A number of parameters are required to be set for the different pre-processing stages. The functions include safe default values, but parameter settings throughout pre-processing stages interact in complex ways. Using simulation, we customised some of the key parameter so as to obtain optimal combinations in terms of sensibility and false discovery rate in peak profiles. They have been slightly modified to accommodate the characteristics of the reduced example data set used here. It is convenient to write an initial section in the pre-processing pipeline script to set the values for the parameters which will be used later on. This facilitates testing results from different settings.

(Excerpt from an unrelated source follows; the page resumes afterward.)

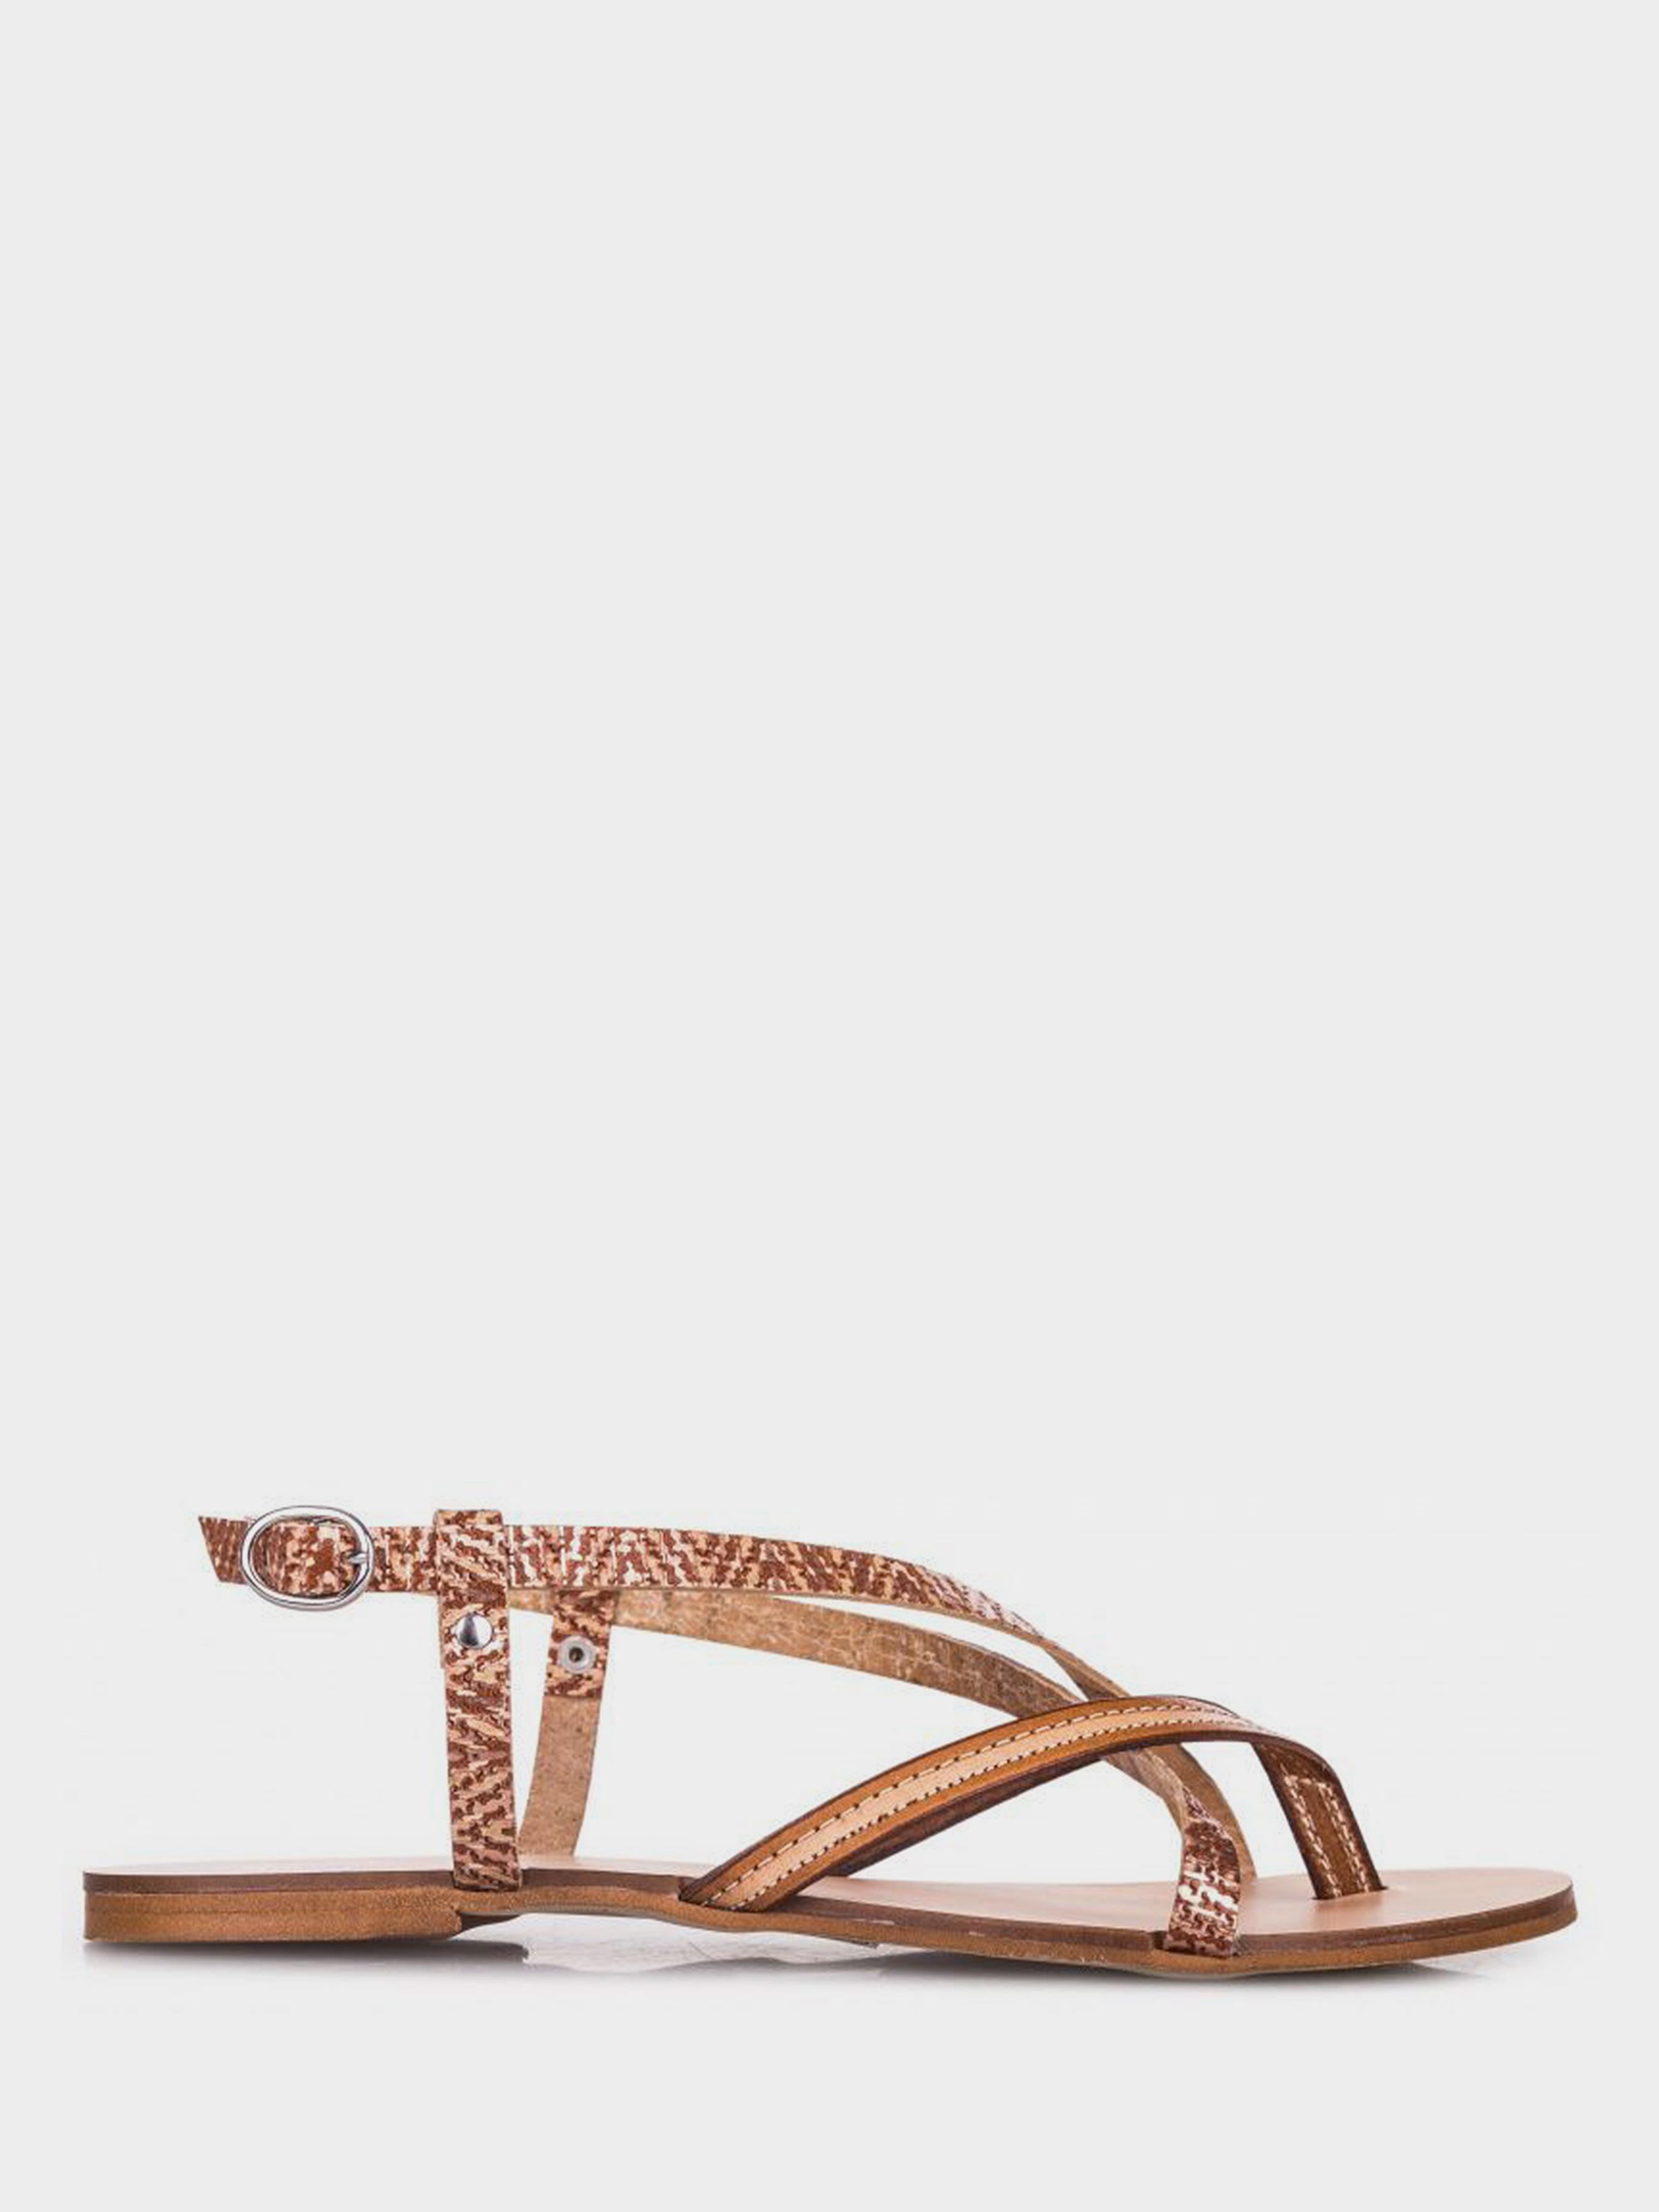 Сандалии для женщин Casta & Dolly 1Z58 модная обувь, 2017
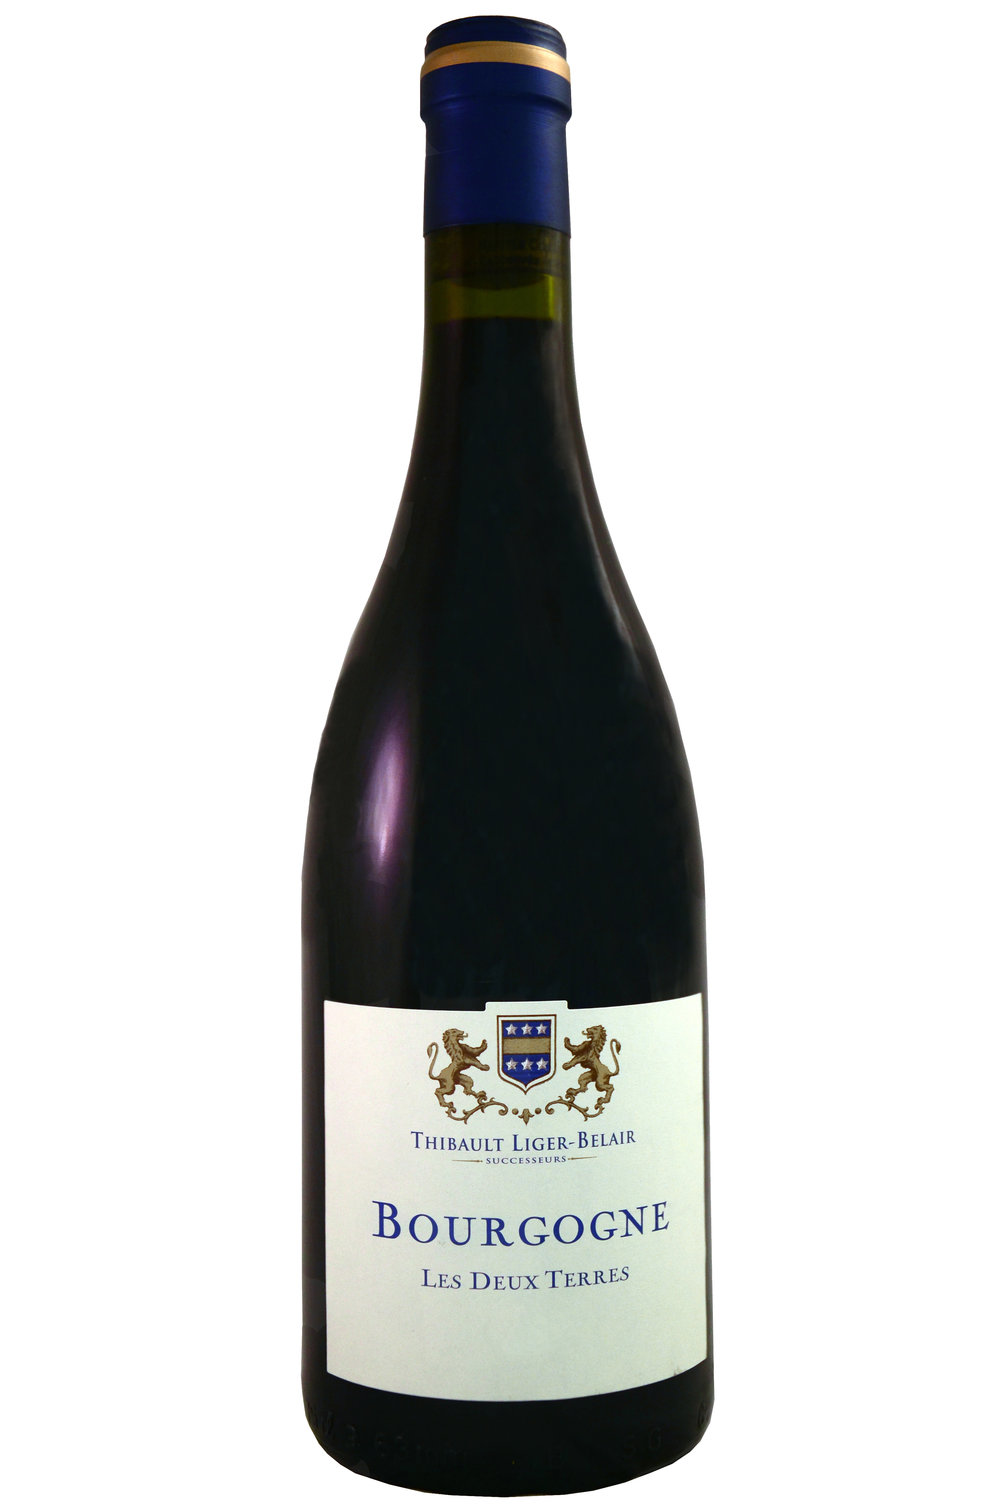 Liger-Belair Bourgogne Les Deux Terres Bottle.jpg

Signal denoising or smoothing is conducted in MALDIrppa
by undecimated discrete wavelet transform (UDWT) (Coombes et al. 2005) using the
wavSmooting
function. Wavelets adapt well to changes in
peak shape and the UDWT produces the same results if the start of the
signal is shifted by a few time points (shift-invariance). This prevents
from undesirable artifacts into the signal near either end of the
spectrum due to large changes in wavelet coefficients as a consequence
of small shifts in location. In this case, smoothing is applied on
square root-transformed (sqrt
function in R) signals using
transfIntensity
for variance stabilisation. Note that in
fact this function allows to apply any sensible user-defined
transformation on the signal intensities (see MALDIrppa
documentation for an example). For baseline correction, the
statistics-sensitive non-linear iterative peak-clipping (SNIP) algorithm
as implemented in MALDIquant
generates positive intensities
and provides better results with high matrix effects (pronounced mode).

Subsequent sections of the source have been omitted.